# political compass



## PPCLI Guy (17 Jul 2005)

Britney Spears said:
			
		

> You and me both. Robin Westin sounds like my mother.
> 
> 
> 
> Incidentally, my <a href=http://www.politicalcompass.org/>Political Compass</a> results(-2.10, -1.50 I believe) place me ideologically far to the left of the Liberal Party of Canada, and close to the NDP, and yet, here I am. Now I'm all confused and   need to go sit down and engage in some self reflection.....



And here I am at:

 Your political compass
Economic Left/Right: -3.25
Social Libertarian/Authoritarian: -3.69 

And I thought I was more liberal than that.....


----------



## Scoobie Newbie (17 Jul 2005)

Economic Left/Right: -1.25
Social Libertarian/Authoritarian: -2.10


----------



## McG (17 Jul 2005)

Your political compass
Economic Left/Right: -2.75
Social Libertarian/Authoritarian: -0.10


----------



## Younghusband (17 Jul 2005)

OMG a bunch of pinkos!
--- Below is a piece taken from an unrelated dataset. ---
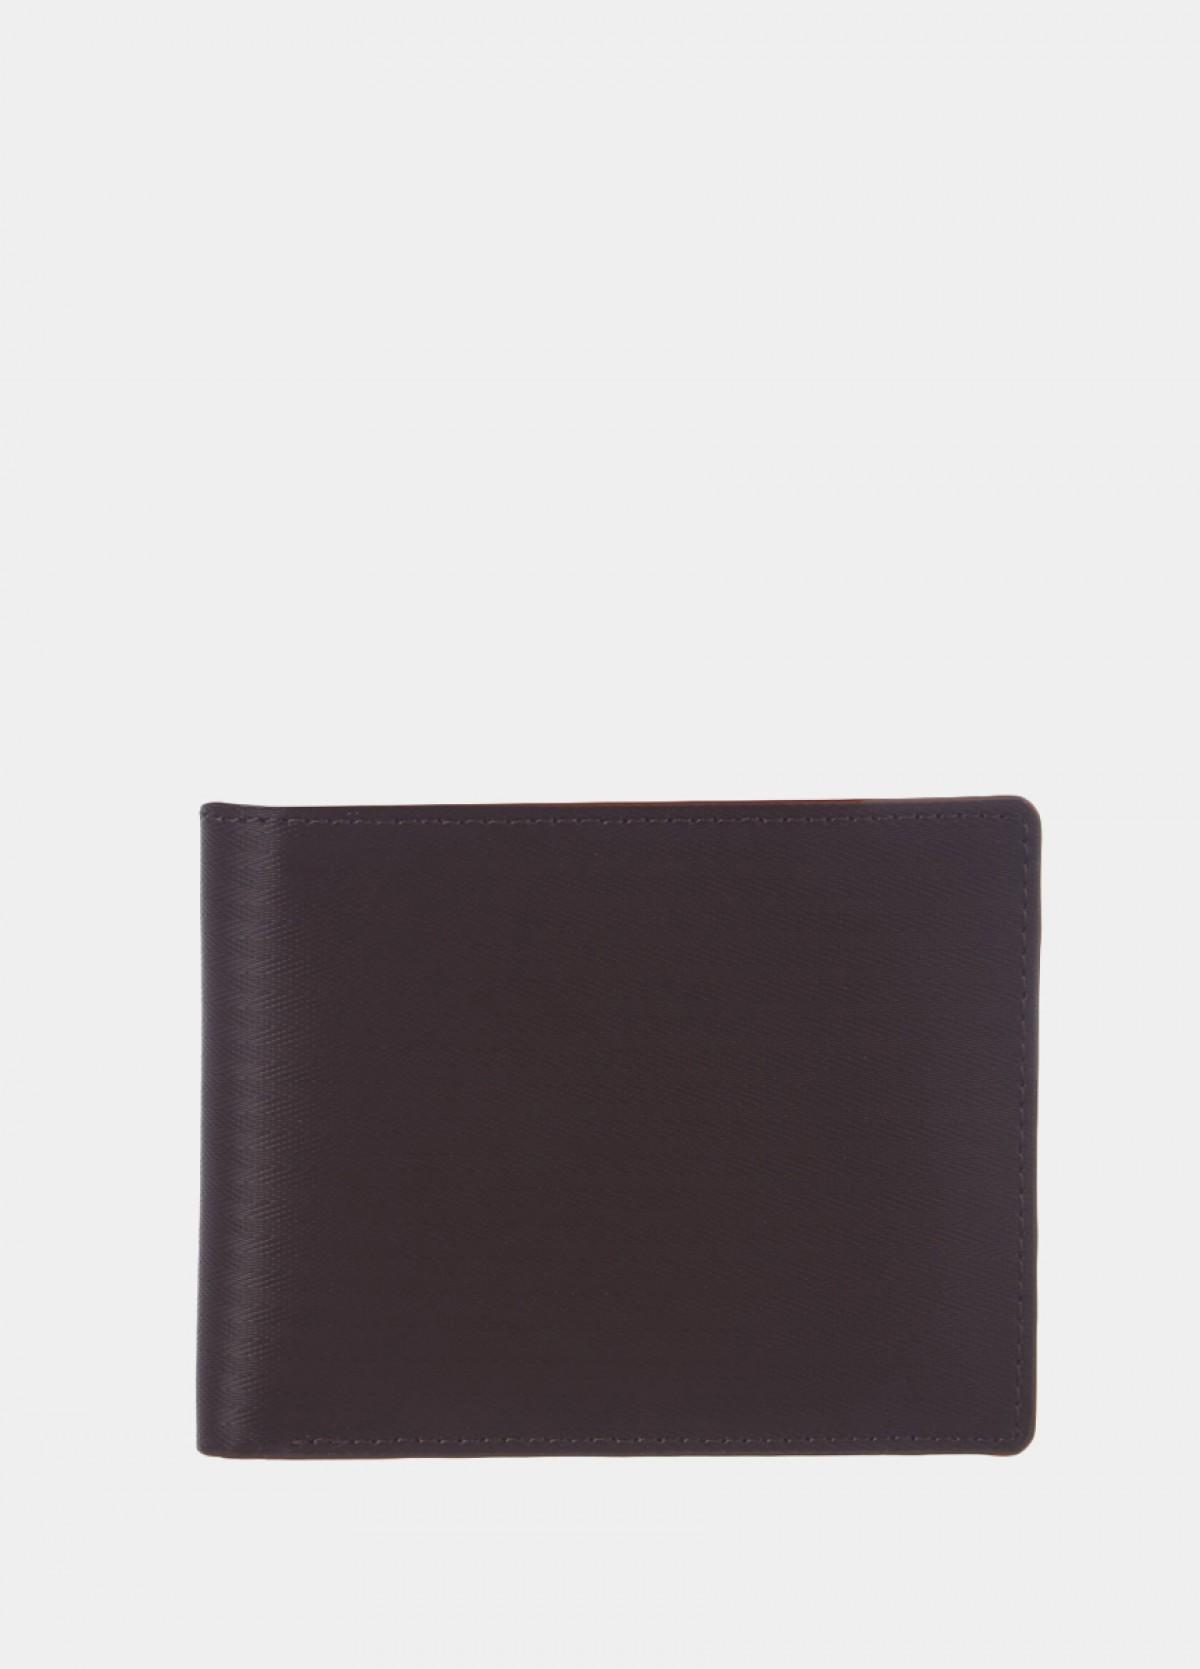 The Black Textured Bi-Fold Wallet
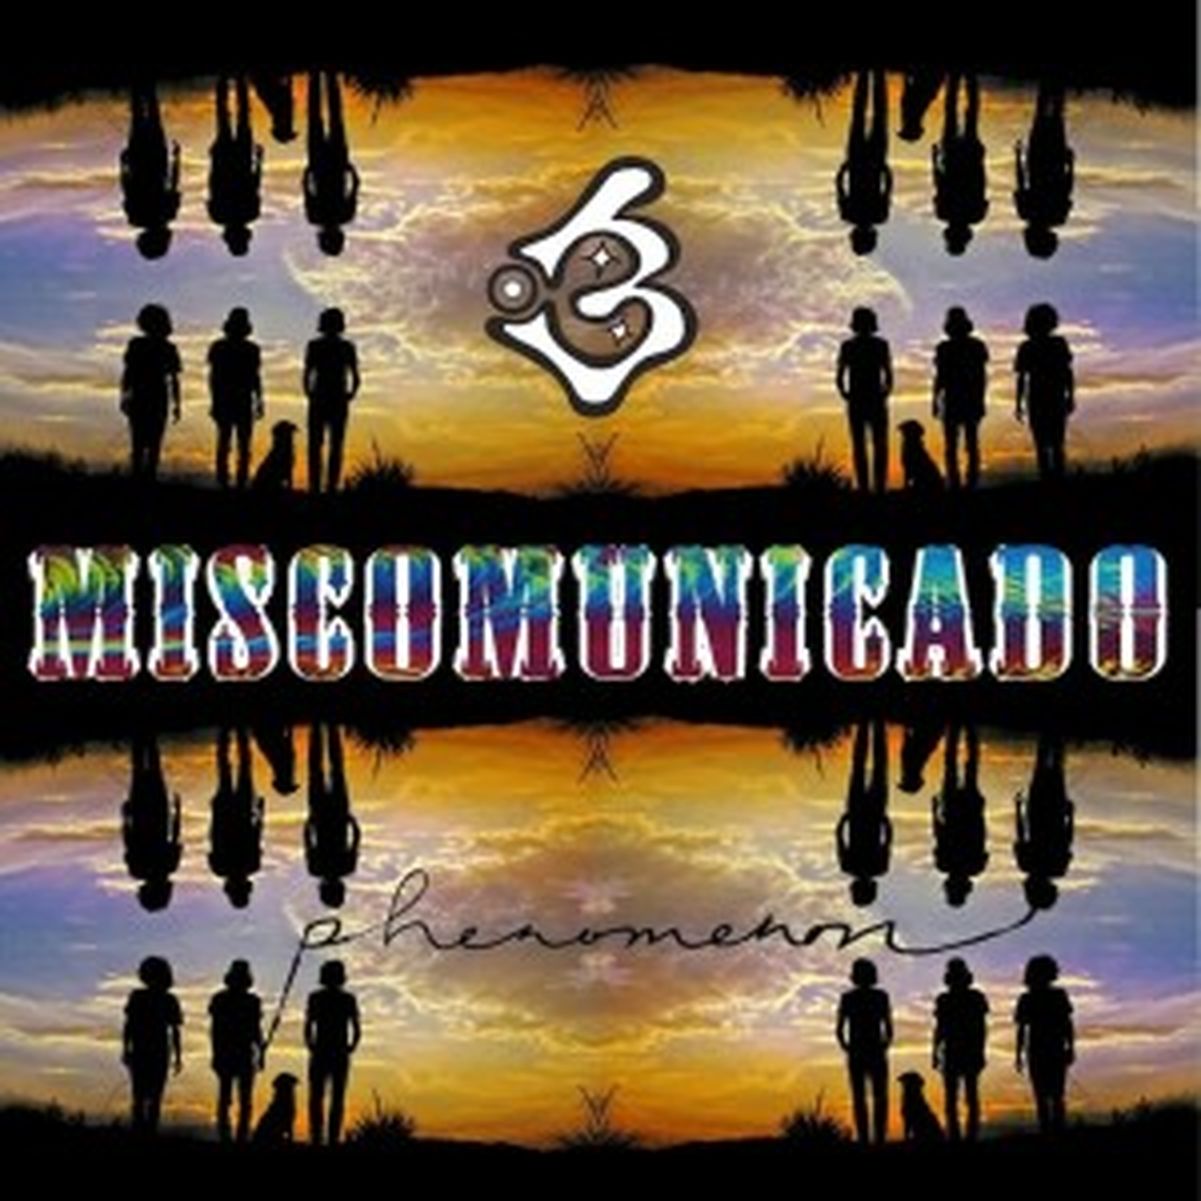 MISCOMUNICADO wiki, MISCOMUNICADO review, MISCOMUNICADO history, MISCOMUNICADO news

Just joking... here is mine:

Economic Left/Right: 5.13
Social Libertarian/Authoritarian: -1.03

As you can see I am a firm beleiver in the "Invisible Hand."


----------



## Edward Campbell (17 Jul 2005)

Perhaps not too surprising, given my age, I am:

Economic Left/Right: 6.63
Social Libertarian/Authoritarian: -1.38

Almost as 'right' as Milton Friedman


----------



## Infanteer (17 Jul 2005)

Ahh, that was fun - I'm a fence-sitter....

Economic Left/Right: 0.50
Social Libertarian/Authoritarian: -0.92


----------



## Roy Harding (17 Jul 2005)

Economic Left/Right: -1.75

Social Libertarian/Authoritarian: -0.26

Isn't that _special_.  

I thought I was more fiscally right, and more Libertarian!  Instead, I'm fairly close to the centre (slightly left leaning) - guess I'm just a typical Canadian, Eh?


----------



## a_majoor (17 Jul 2005)

Economic Left/Right: 6.13

Social Libertarian/Authoritarian: -2.10

Me and Milton Freedman will be at Starbucks having a coffee and discussing matters of mutual interest


----------



## paracowboy (17 Jul 2005)

Economic Left/Right: -1.25
Social Libertarian/Authoritarian: -1.28

huh! Who knew? I gotta dig out some Ayn Rand and John Adams, quick!


----------



## rcr (17 Jul 2005)

Economic Left/Right: -4.38

Social Libertarian/Authoritarian: -0.51 

Interesting.  I guess I shouldn't have thrown in so many 'strongly's' for variety.


----------



## vangemeren (17 Jul 2005)

Hmmm, looks like I'm the odd one out here. I thought I was more moderate than that:

Economic Left/Right: -6.75
Social Libertarian/Authoritarian: -3.38

Since it is an internet test, I'll only reflect momentarily of the results. I don't really see myself as akin to Gandhi.


----------



## Fishbone Jones (17 Jul 2005)

Economic Left/Right: -4.13
Social Libertarian/Authoritarian: -0.46 

Now I've just confused myself :


----------



## spenco (17 Jul 2005)

Economic Left/Right: 2.25
Social Libertarian/Authoritarian: 4.21 


Well according to this, I'm right alongside Jacques Chirac, maybe a little above him.


----------



## Brad Sallows (17 Jul 2005)

I prefer Pournelle's Axes (http://www.baen.com/chapters/axes.htm).  There's no test, but you can imagine where you might stand.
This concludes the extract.